Страница 57 из 58
Он обошел парники и поднялся в теплицу. Вместе с Кузьменко пообедал. И вот тогда Василий Васильевич сказал:
— Сережа, есть одно дело, которое надо как-то развивать. Для общего блага тех, что за проволокой. Я хочу напомнить тебе зимний разговор, который ты сам заводил. Про перегнойные горшочки. — Он огляделся, поднял с пола подсохшую форму с дырочкой на донце: — Это вообще-то придумка Пышкина для скорейшего роста огурцов и помидоров, прекрасная, скажу тебе, придумка. На Колыме она заметно удлиняет жизнь растениям, вроде бы расширяет летнее время. Конечно, если есть парники и теплицы. Скоро мы набьем свои парники теплым навозом, сверху заставим горшочками с хорошей землей и посеем семена огурцов и помидоров. А когда они пойдут в рост, пересадим сюда, прибавим месяц к короткому лету. И урожай получим повыше. Говорю это к тому, что и с капустой, наверное, можно так делать. Ты как раз об этом зимой и говорил. Вспомни-ка? Ведь говорил?

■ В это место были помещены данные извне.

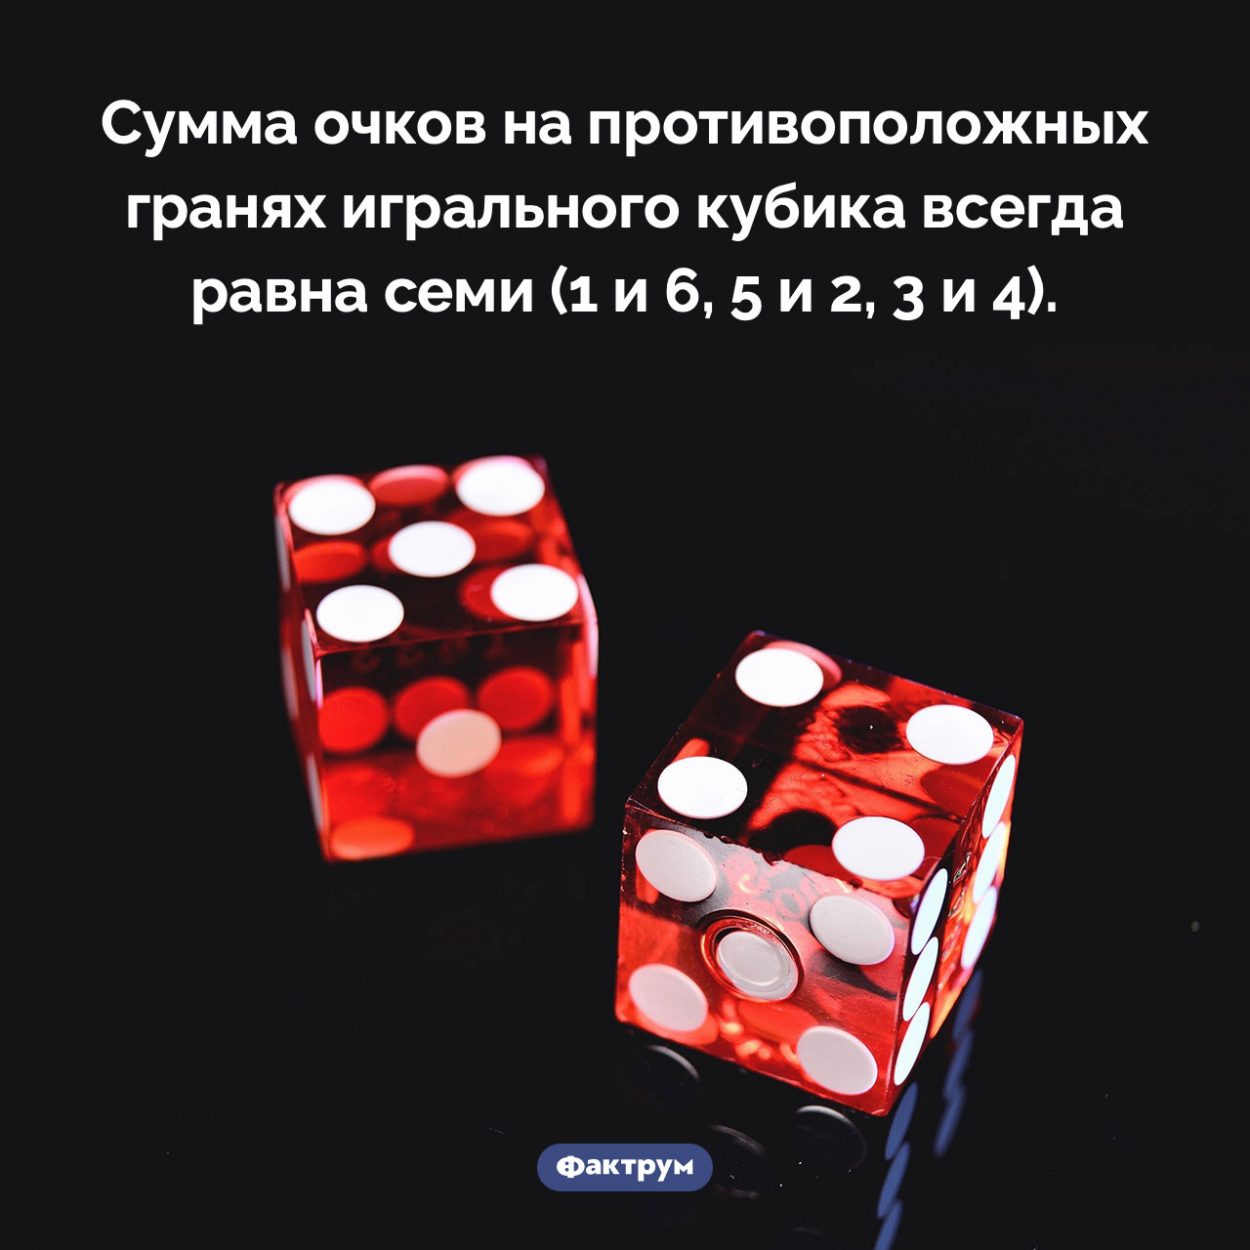 Сумма очков на противоположных гранях игрального кубика. Сумма очков на противоположных гранях игрального кубика всегда равна семи (1 и 6, 5 и 2, 3 и 4).

— Да, но там надо сотни тысяч горшочков, пусть и меньшего размера.
— Много надо, правда. А у нас еще время есть. И женщинам легче пережить холода в большой палатке, если поставить ее среди парников, не на ветру. Пусть себе прессуют в тепле и выносят на холод, а как тепличную рассаду сюда перенесем, мелкими горшочками все парники займем, посеем в них капусту. Пышкину надо подсобить. И несчастным нашим женщинам какое ни на есть облегчение. Уж раз ты сказал тогда «а», то говори и «бэ», бери это новое дело на себя.
— Что же вы раньше-то мне не сказали?
Кузьменко смутился:
— Еще не был уверен, как поступят с тобой. Теперь ты вольный, надо самоутверждаться. Полагаю, что эту мысль — применить горшочки для капусты ты вынашивал давно, вот я и напомнил… Не обижайся на старика.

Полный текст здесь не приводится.